The required answer is an exact copy of the lines from the one containing "Mens womens classic" to the end of the listing, both included, without any pictures.
_ _ _
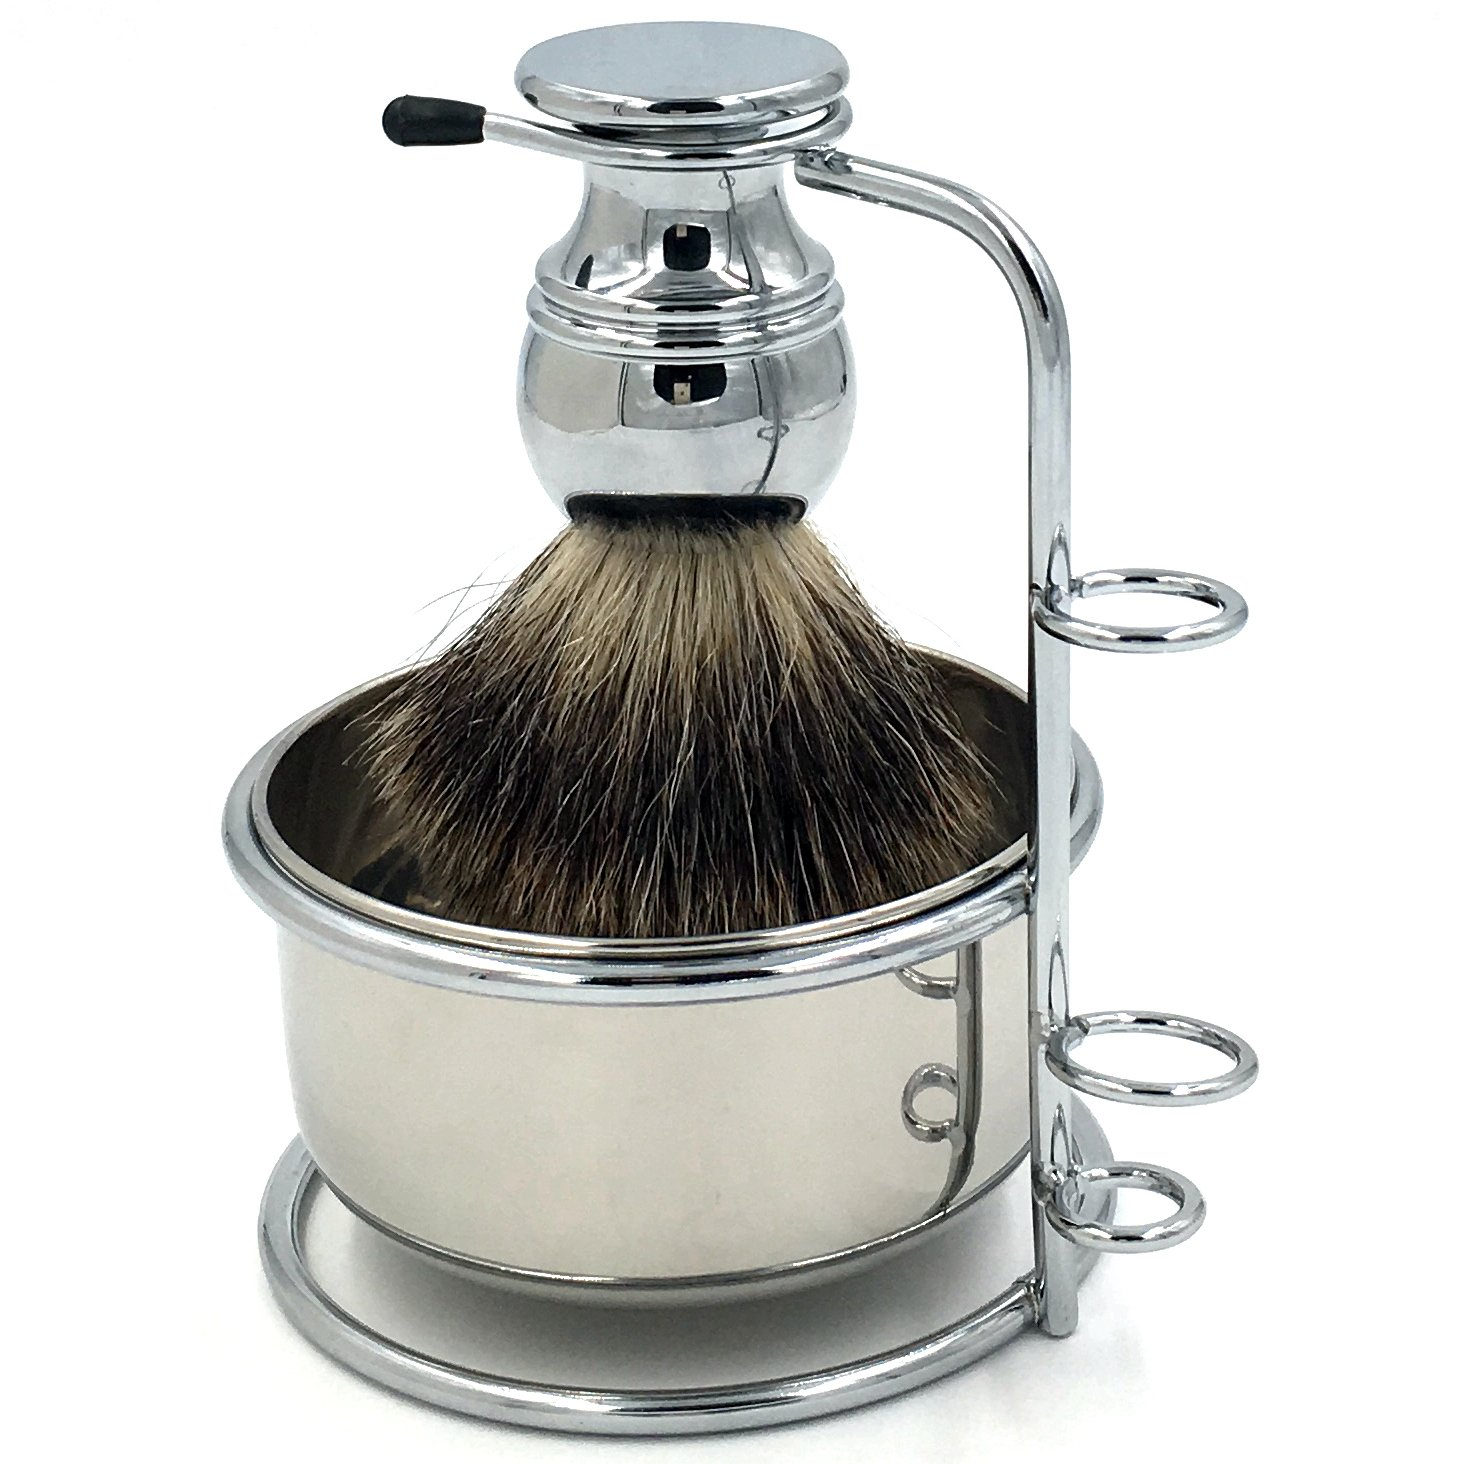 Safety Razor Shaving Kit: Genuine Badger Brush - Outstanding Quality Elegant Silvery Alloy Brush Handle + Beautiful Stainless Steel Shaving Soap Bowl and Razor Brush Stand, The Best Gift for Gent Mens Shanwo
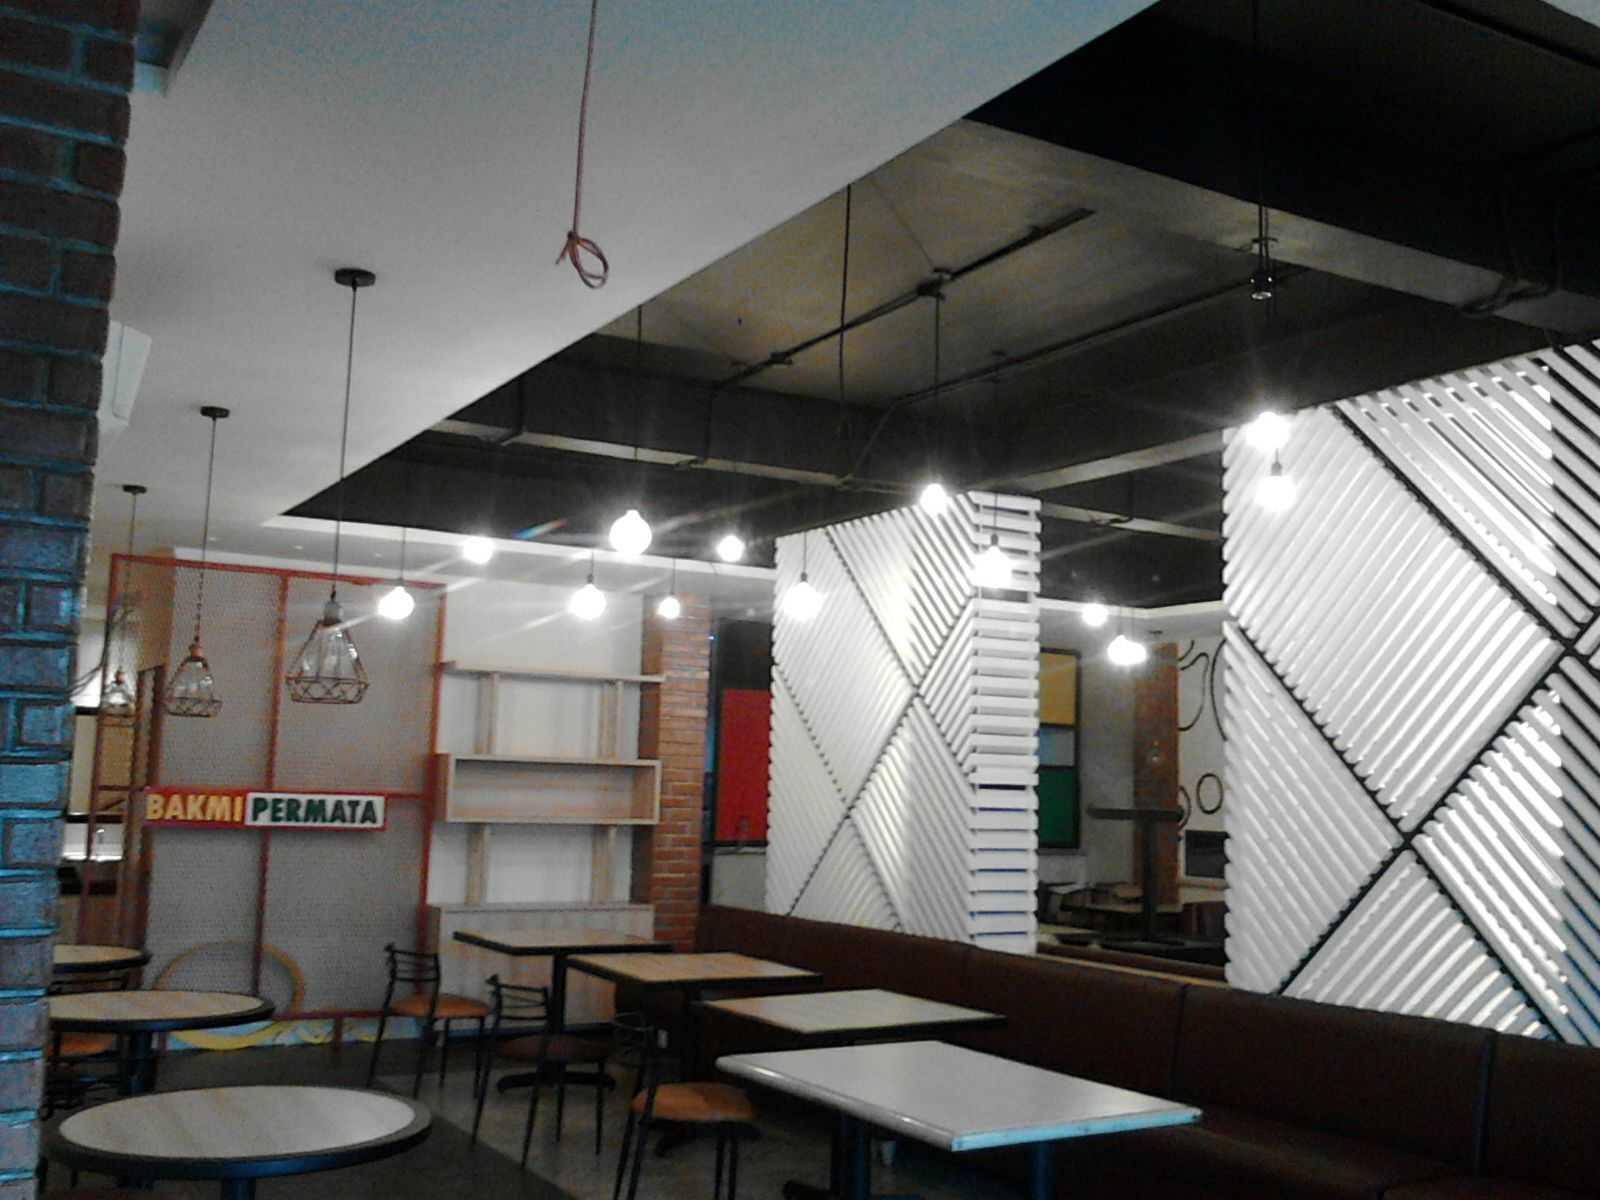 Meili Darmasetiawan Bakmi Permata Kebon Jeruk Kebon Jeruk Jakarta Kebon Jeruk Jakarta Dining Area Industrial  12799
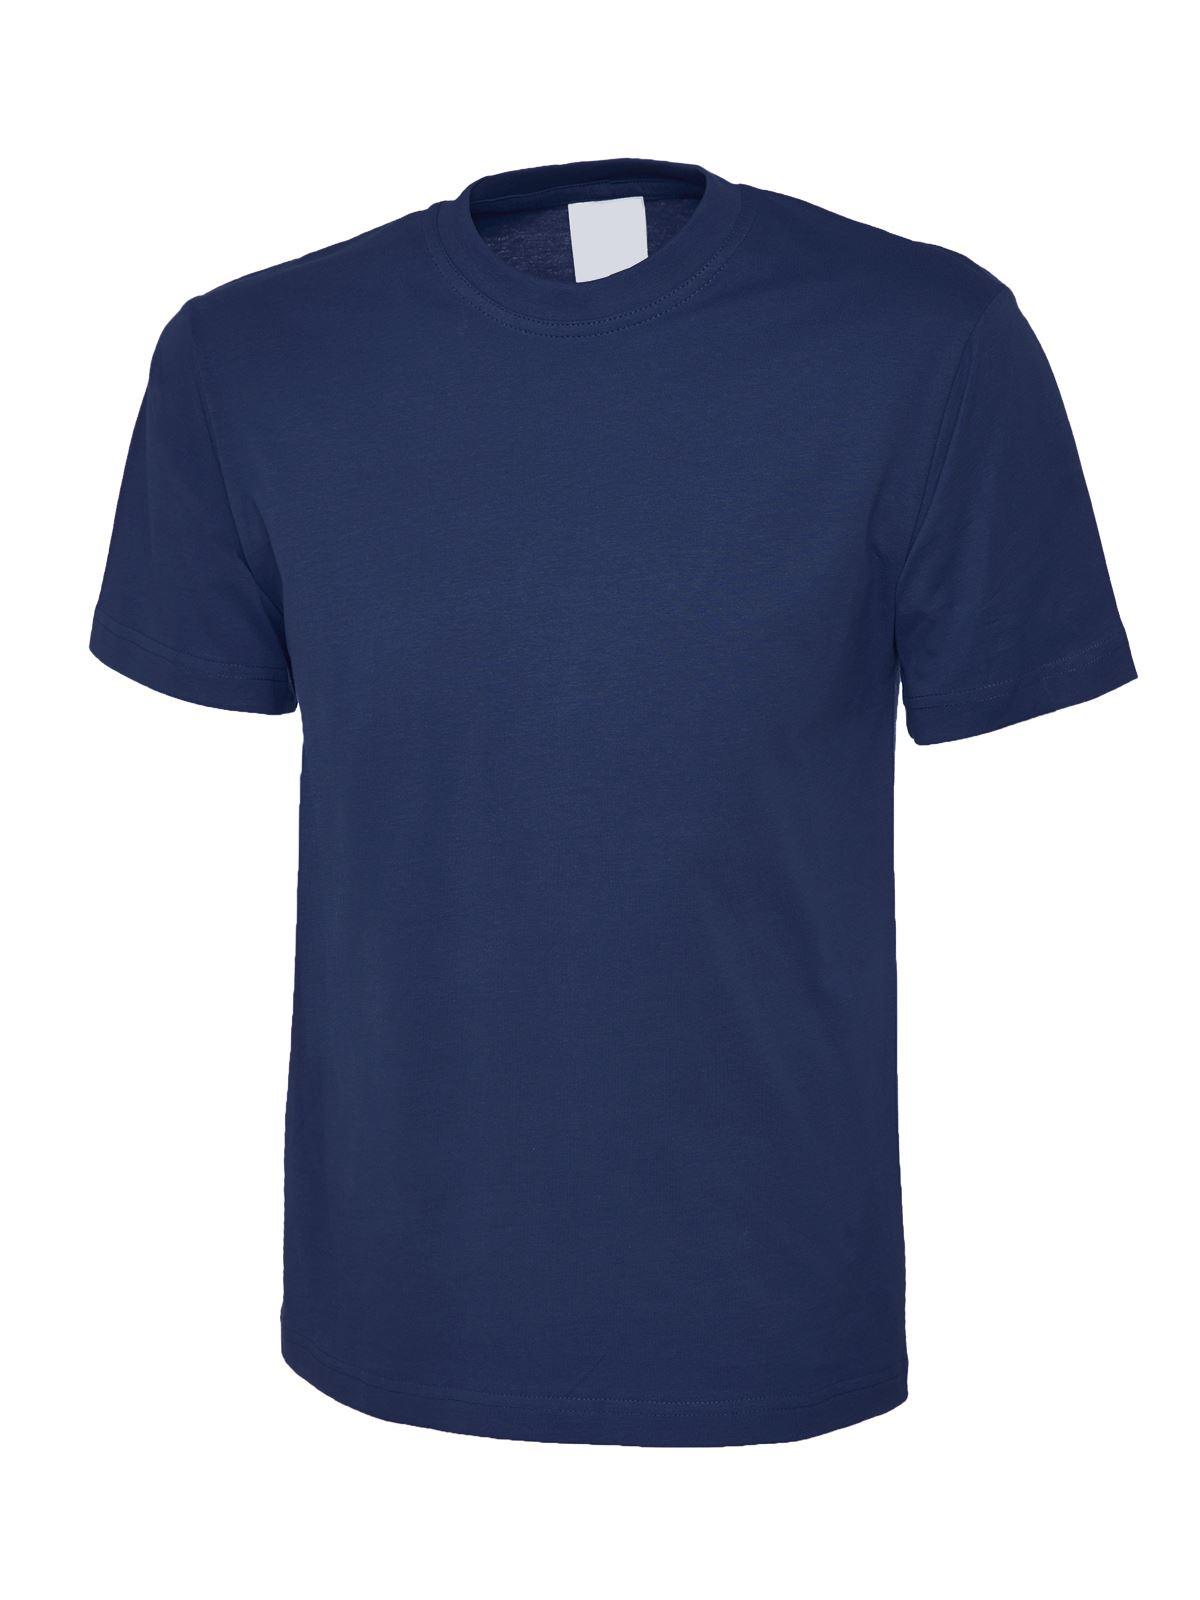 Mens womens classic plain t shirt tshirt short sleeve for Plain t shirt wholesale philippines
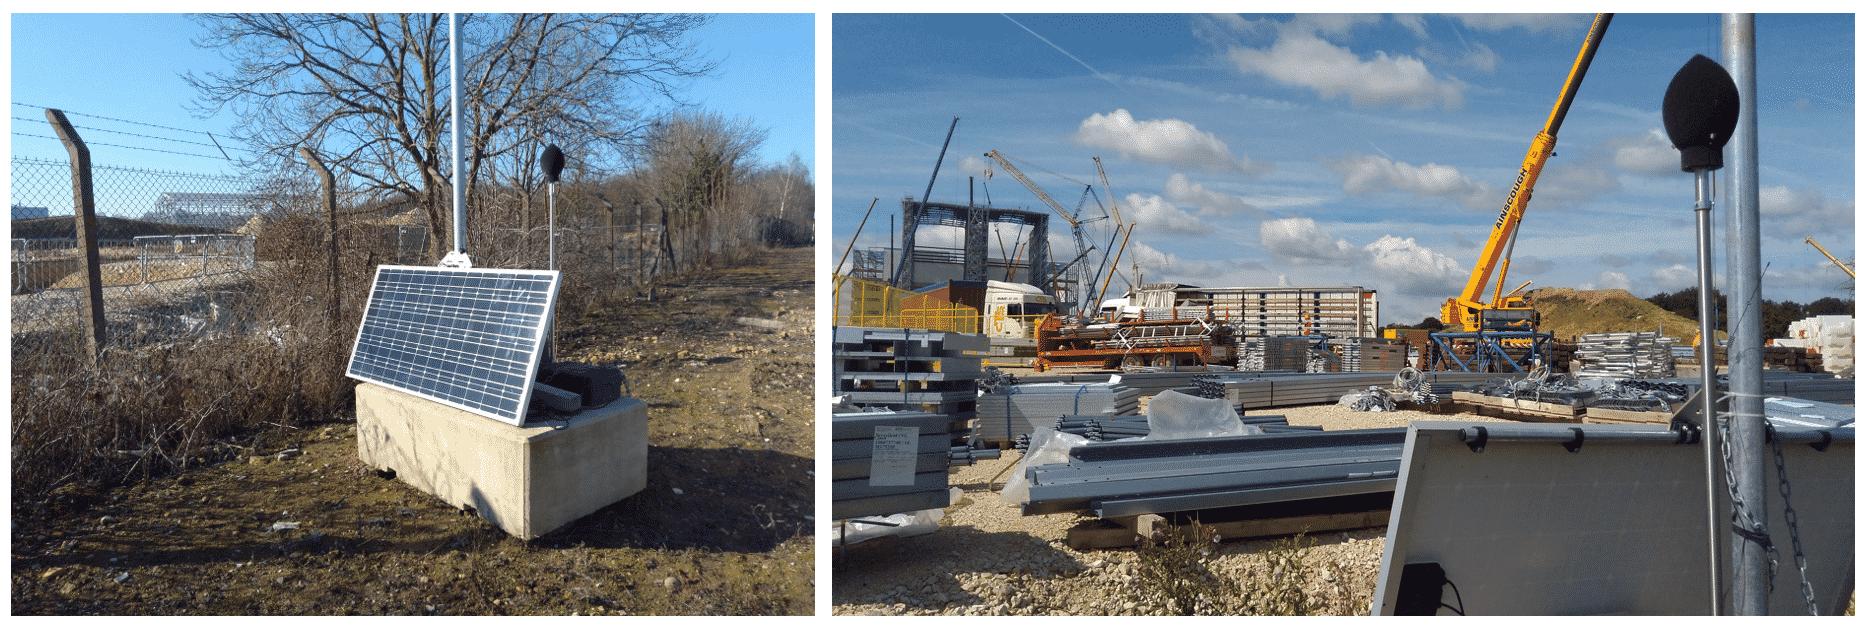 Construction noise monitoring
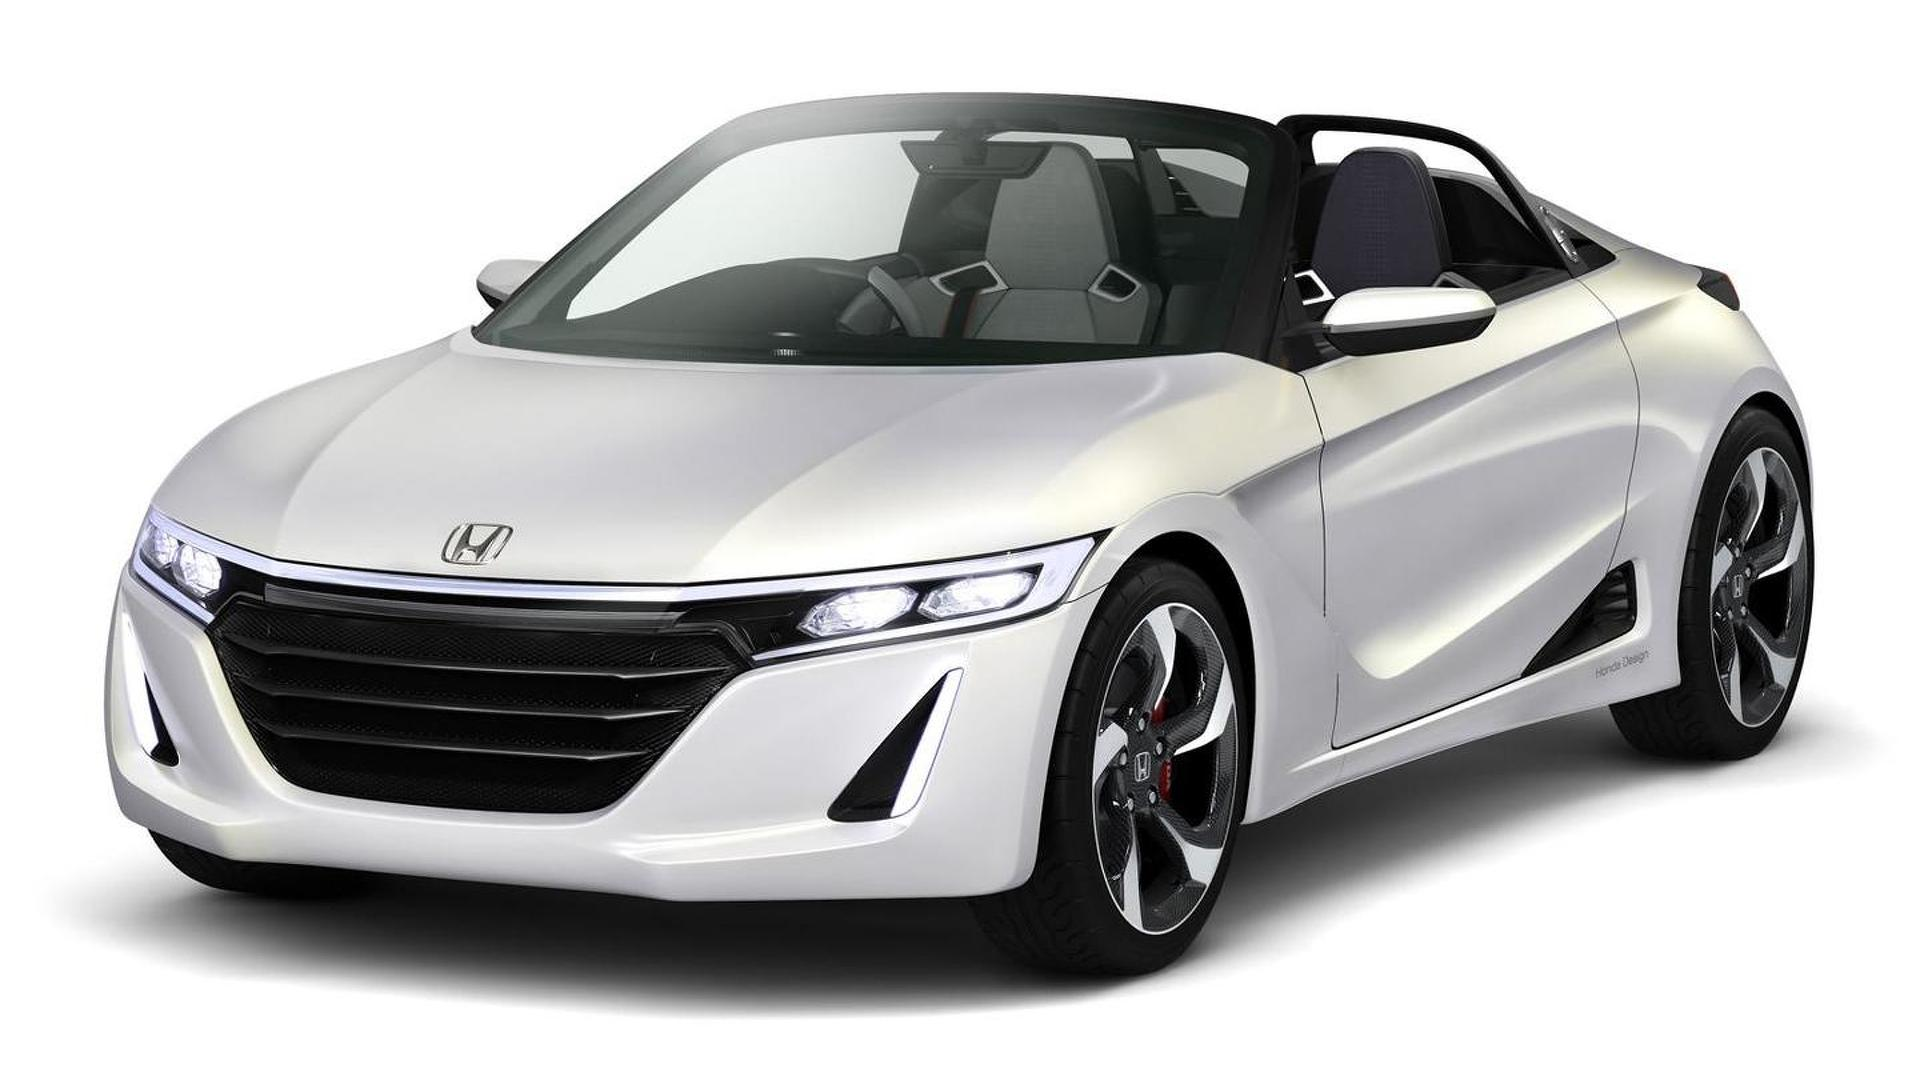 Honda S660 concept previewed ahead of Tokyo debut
_ _ _
## TASK RESPONSE
 Mens womens classic plain t shirt tshirt short sleeve for Plain t shirt wholesale philippines
 Construction noise monitoring
 Honda S660 concept previewed ahead of Tokyo debut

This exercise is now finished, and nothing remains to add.